Soak the cleanout plug threads with rust penetrant. Then smack opposite sides of the tee or wye fitting at the same time using two hammers. Rotate the double blows around the entire fitting. Then try using a pipe wrench again.
Slip one pipe wrench onto the fitting and the second one on the cleanout plug. Then give it all you’ve got. If the plug breaks loose, you’re home free.
Start cleanout plug removal by applying gentle heat to the cleanout plug and fitting to soften the old pipe dope (Photo 1). If that doesn’t work, wait for the pipe to cool, apply rust penetrant, and then apply double hammer blows around the fitting (Photo 2). The vibrations from the shocks break up the corrosion and allow the rust penetrant to do its work. If the plug unscrews, go ahead and snake the line. But don’t reuse the metal plug. Buy a plastic plug and coat the threads with Teflon paste before installing. Then snug it up with a slip joint pliers (not the pipe wrench).
Use a reciprocating saw and a metal-cutting blade to cut out the fittings and the pipe leading to and from the cleanout wye or tee.
Slide the mission couplings onto the old pipe and slip in the new plastic fitting and repair couplings. Tighten the worm-drive clamps. Then wrap Teflon tape around the new plug and screw it into the adapter.

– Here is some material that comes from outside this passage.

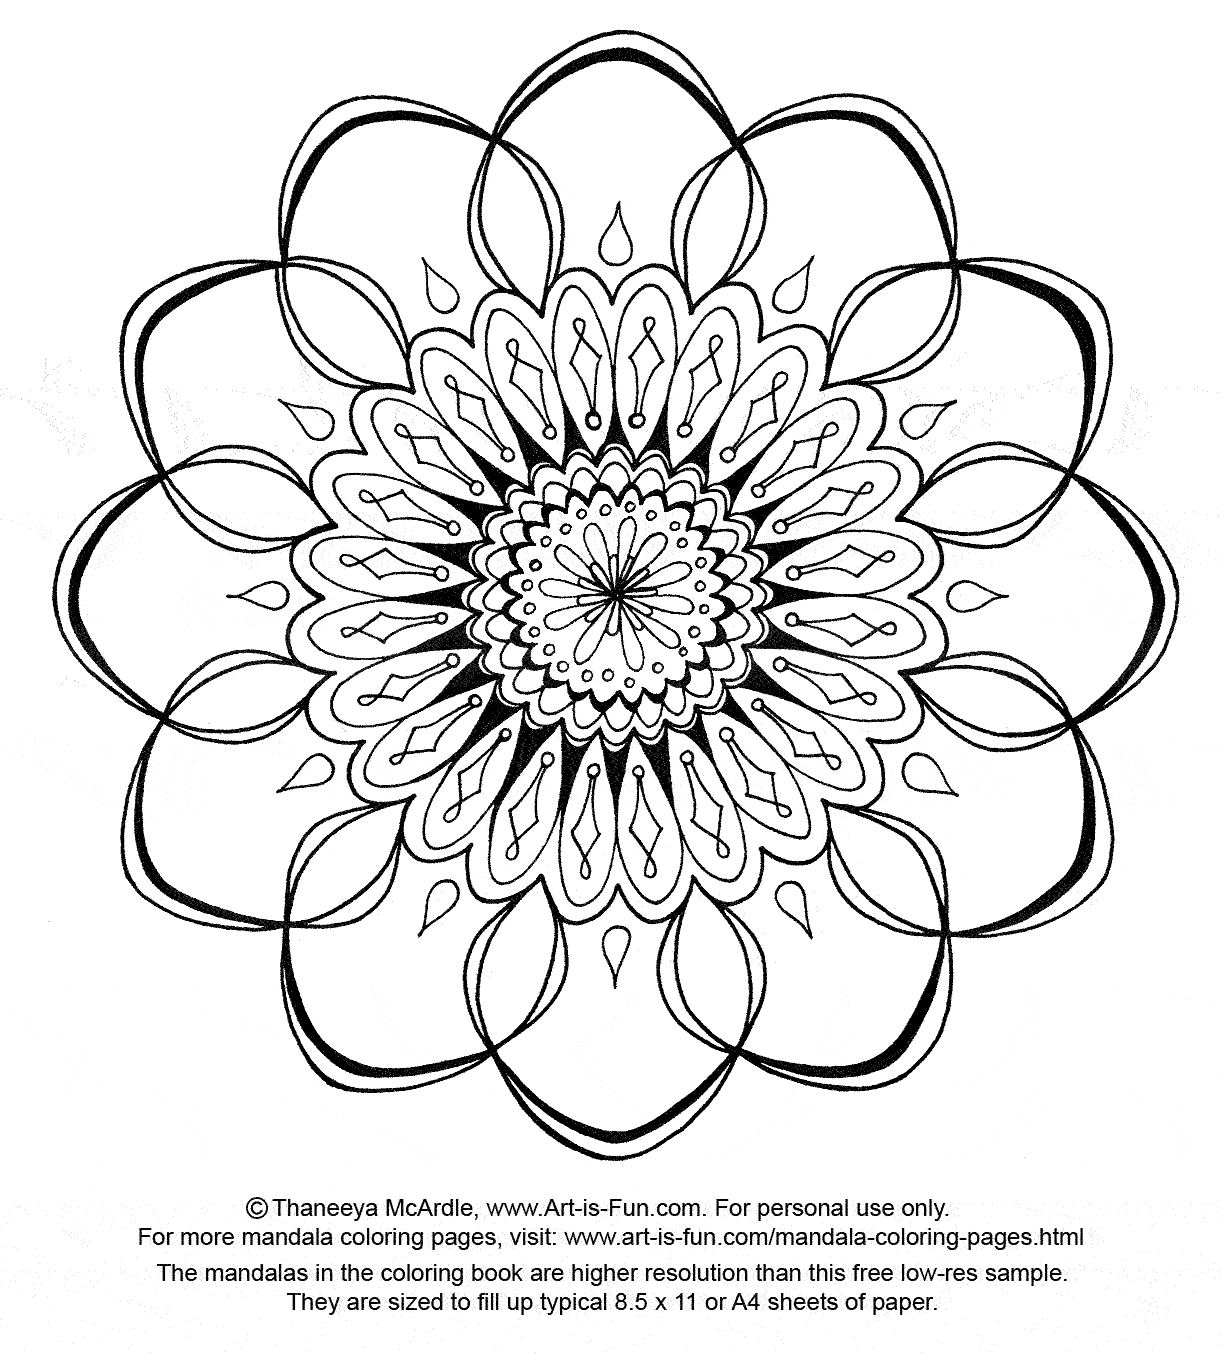 Mandala Coloring pages | FREE coloring pages | #25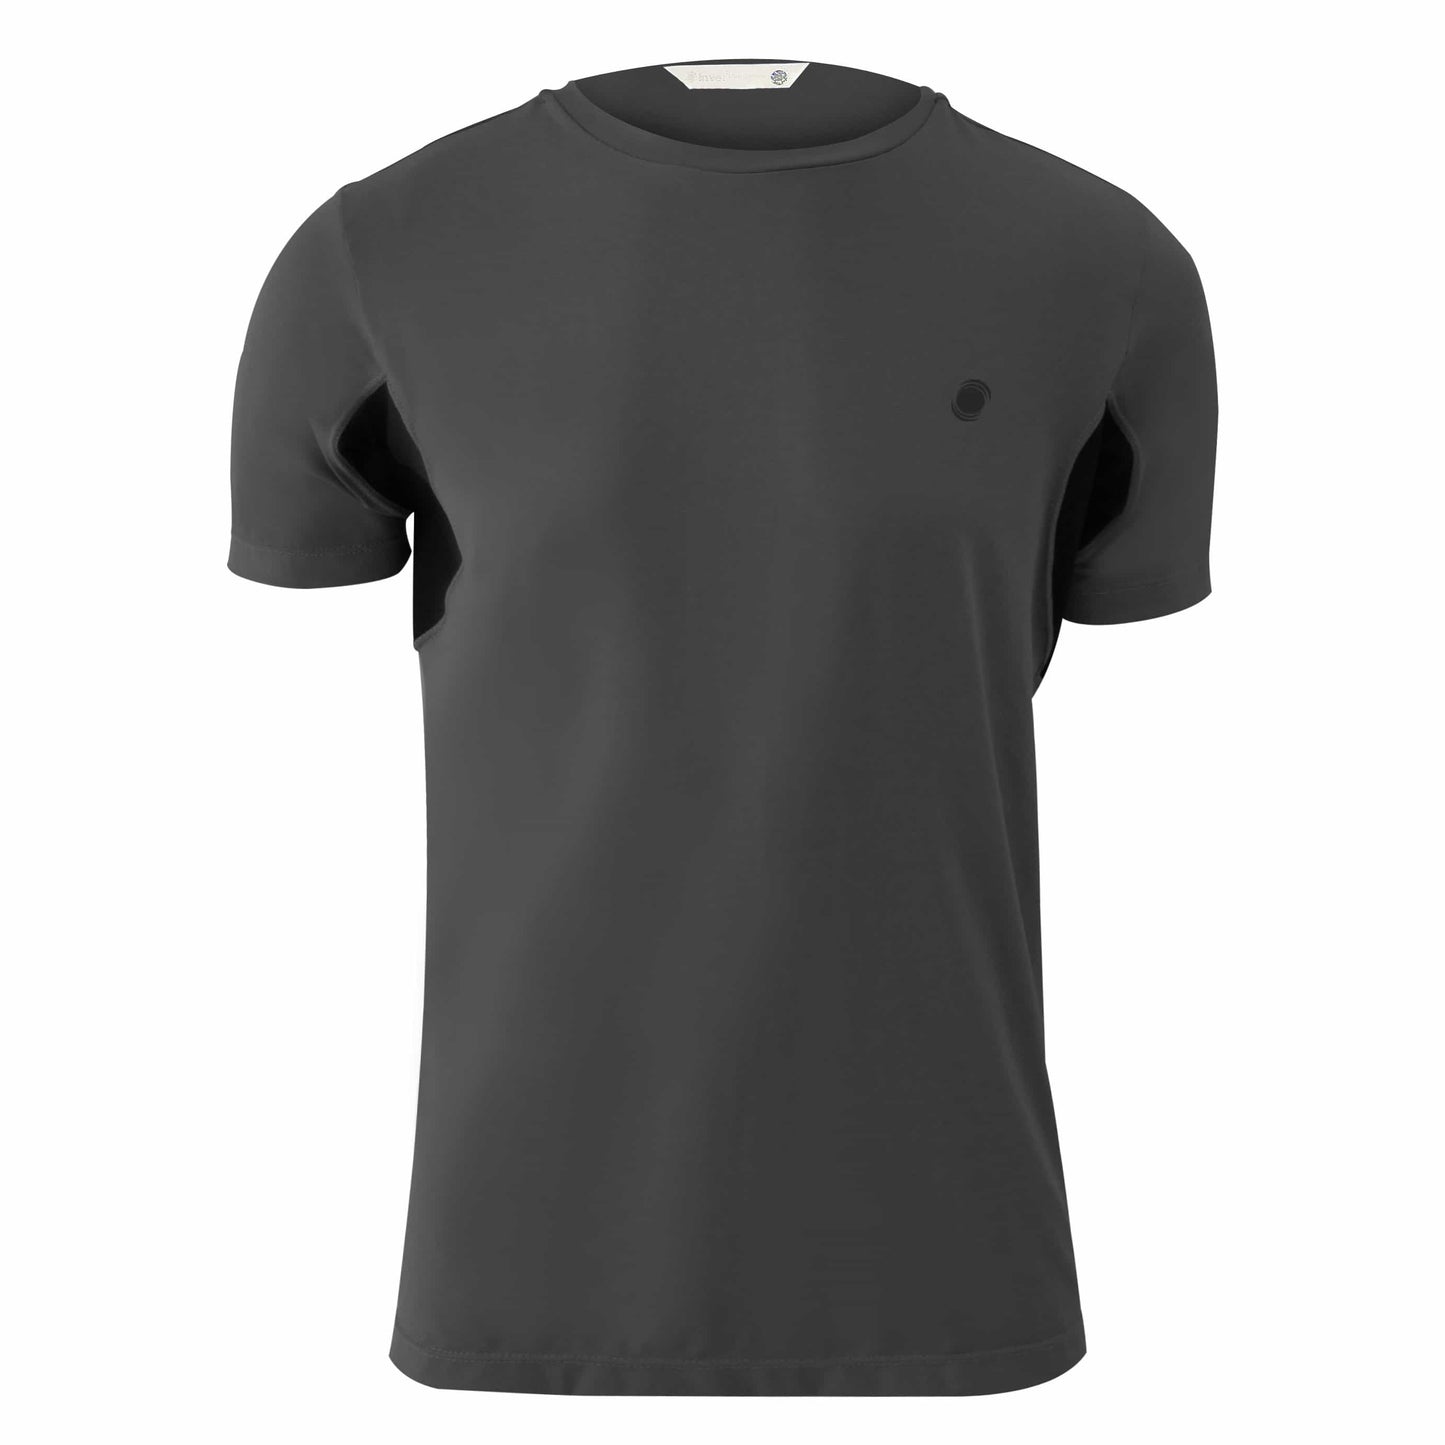 Invel® Therapeutic Men's Short Sleeve Sport Active Wear Shirt with Bioceramic MIG3® Far-Infrared Technology - Invel North America

If the stuck cleanout plug won’t budge, saw off the old section (Photo 4) and replace it with new parts. Once it’s free, use the old fitting as a cutting guide to glue up a replacement wye, stub pipes and a new cleanout adapter (Photo 5). Don’t mess around with steel replacement parts. Go right to black ABS or white PVC plastic fittings and pipes and join them with rubber mission couplings. Slide both couplers onto the old pipe. Hold the new pipe in place and slide the vertical coupler into place and snug it up. Then connect the horizontal coupler. Tighten both to the proper torque.
Les’s Cutting Tip
Saw through the horizontal pipe, but leave about 1/4 in. of the pipe uncut. Then saw off the vertical pipe. The horizontal “tab” prevents the vertical pipe from wiggling while you saw. Then finish the cut on the horizontal pipe.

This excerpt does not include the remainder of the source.